XML 19 R10.htm IDEA: XBRL DOCUMENT v3.22.2.2
Business Combination and Equity Acquisition
9 Months Ended
Sep. 30, 2022
Business Combination And Equity Acquisition [Abstract]  
Business Combination and Equity Acquisition Business Combination and Equity Acquisition
Effective October 1, 2022, Federated Hermes completed the acquisition of substantially all of the assets of C.W. Henderson and Associates, Inc. (CWH), a Chicago-based registered investment advisor specializing in the management of tax-exempt municipal securities (CWH Acquisition). This acquisition will enhance Federated Hermes’ existing separately managed accounts business. An initial closing purchase price of $28.0 million was paid on September 30, 2022 and was recorded in Other Current Assets on the Consolidated Balance Sheets. The purchase agreement provides for a series of contingent purchase price payments, which can total as much as $17.6 million in the aggregate and can become payable annually over the next five years based on certain levels of net revenue growth. Due to the timing of the CWH Acquisition, the information necessary to complete the preliminary purchase price allocation is not yet available. Federated Hermes expects to disclose the preliminary purchase price allocation in its Annual Report on Form 10-K for the year ended December 31, 2022.

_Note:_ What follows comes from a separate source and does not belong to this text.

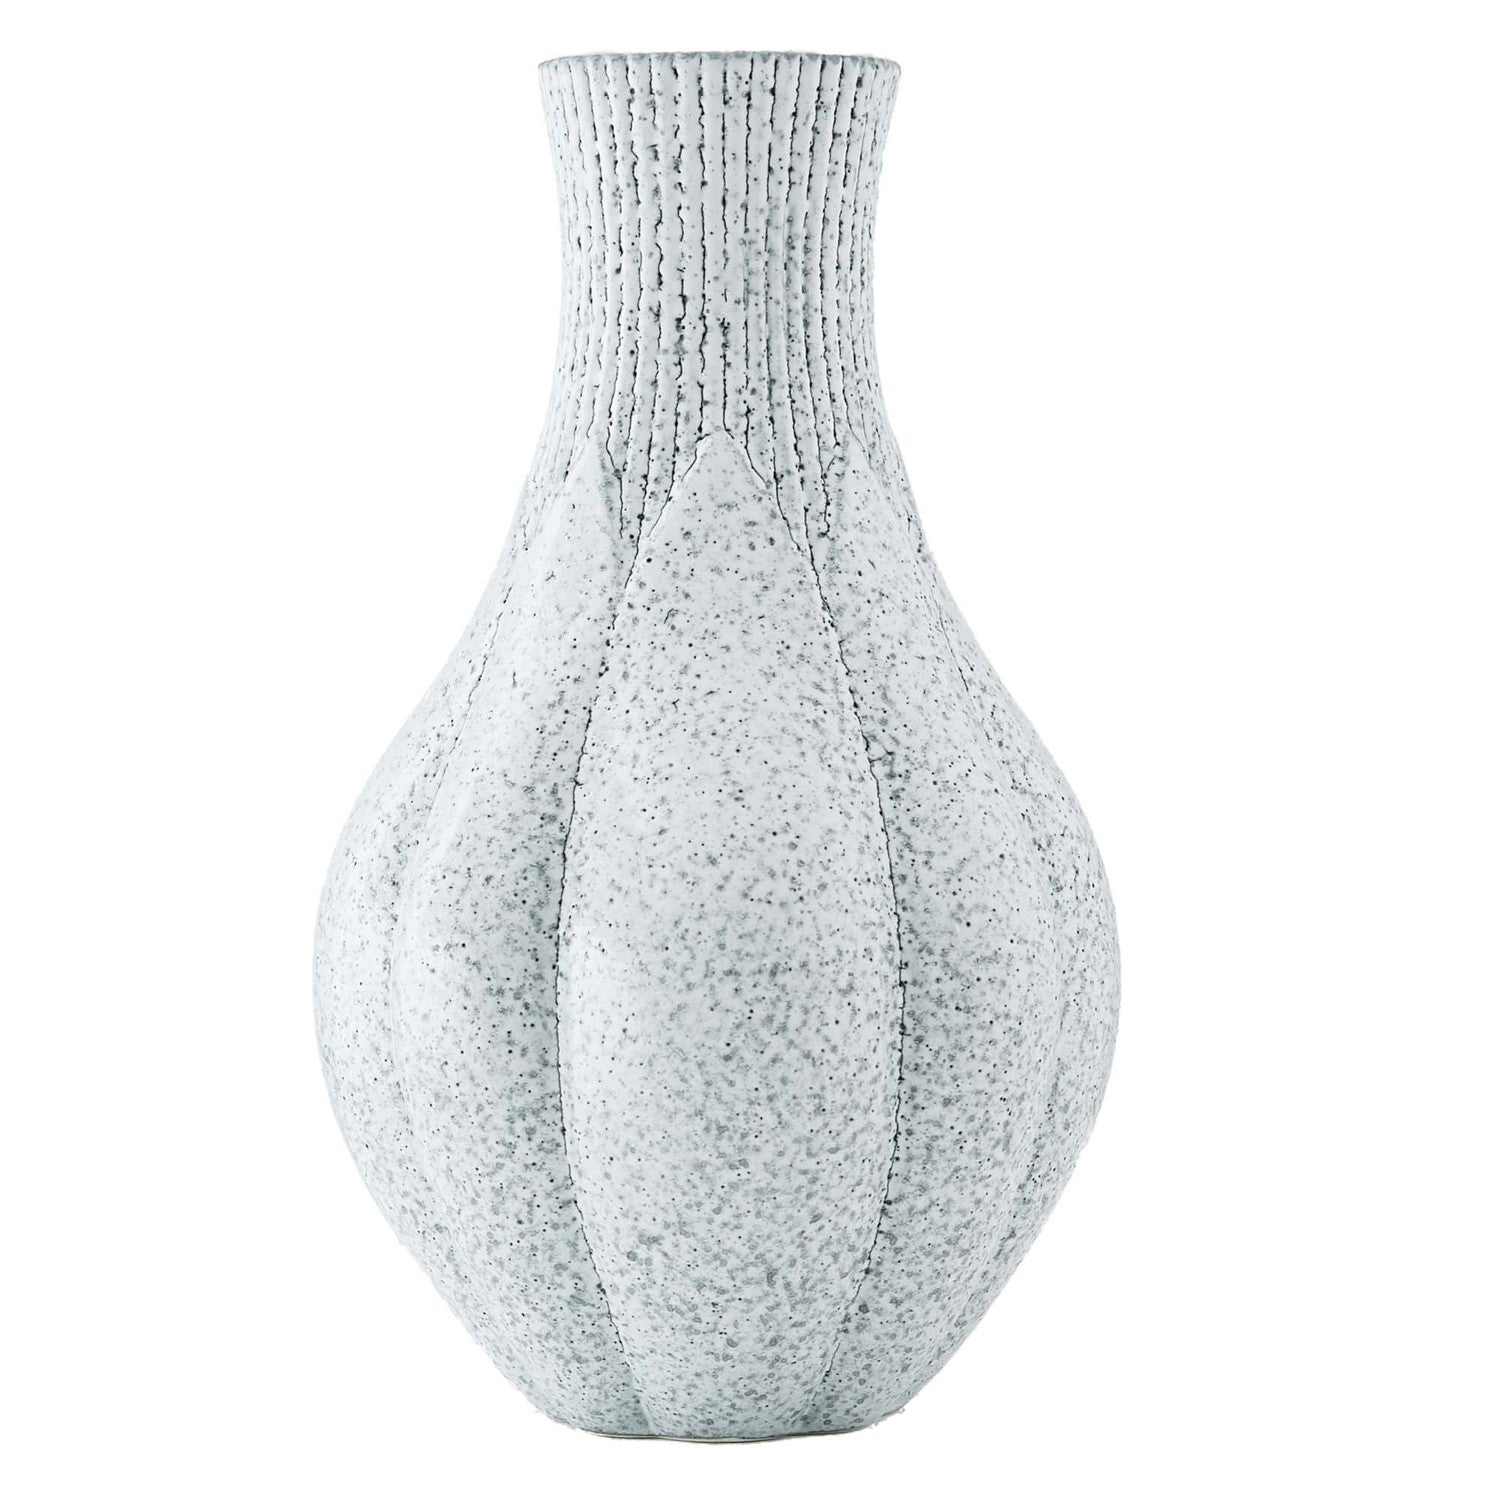 Vase from the Tilling collection in Ice Reactive finish

On March 14, 2022, Federated Hermes completed a tender offer resulting in the acquisition of the remaining approximate 10% noncontrolling interests in Federated Hermes Limited (FHL, formerly known as Hermes Fund Managers Limited) from a trustee of a non-U.S. domiciled employee benefit trust established for the benefit of certain members of FHL’s management, a non-U.S. resident former FHL employee and other non-U.S. resident key FHL employees under a long-term incentive plan established in connection with the 2018 acquisition of FHL (2022 Acquisition of FHL Noncontrolling Interests). Pursuant to the 2022 Acquisition of FHL Noncontrolling Interests, FHL became a 100% indirect, wholly-owned subsidiary of Federated Hermes.
The 2022 Acquisition of FHL Noncontrolling Interests was transacted in shares whereby Federated Hermes issued awards of restricted Class B common stock under Federated Hermes Stock Incentive Plan and Federated Hermes UK Sub-Plan, as amended, and treasury Class B common stock, in exchange for the beneficial interests in shares of FHL. The FHL shares were exchanged at fair value for Federated Hermes shares valued at £36.4 million or $47.5 million, which was based on a third-party valuation of FHL. See Note (12) for additional information regarding the share exchange.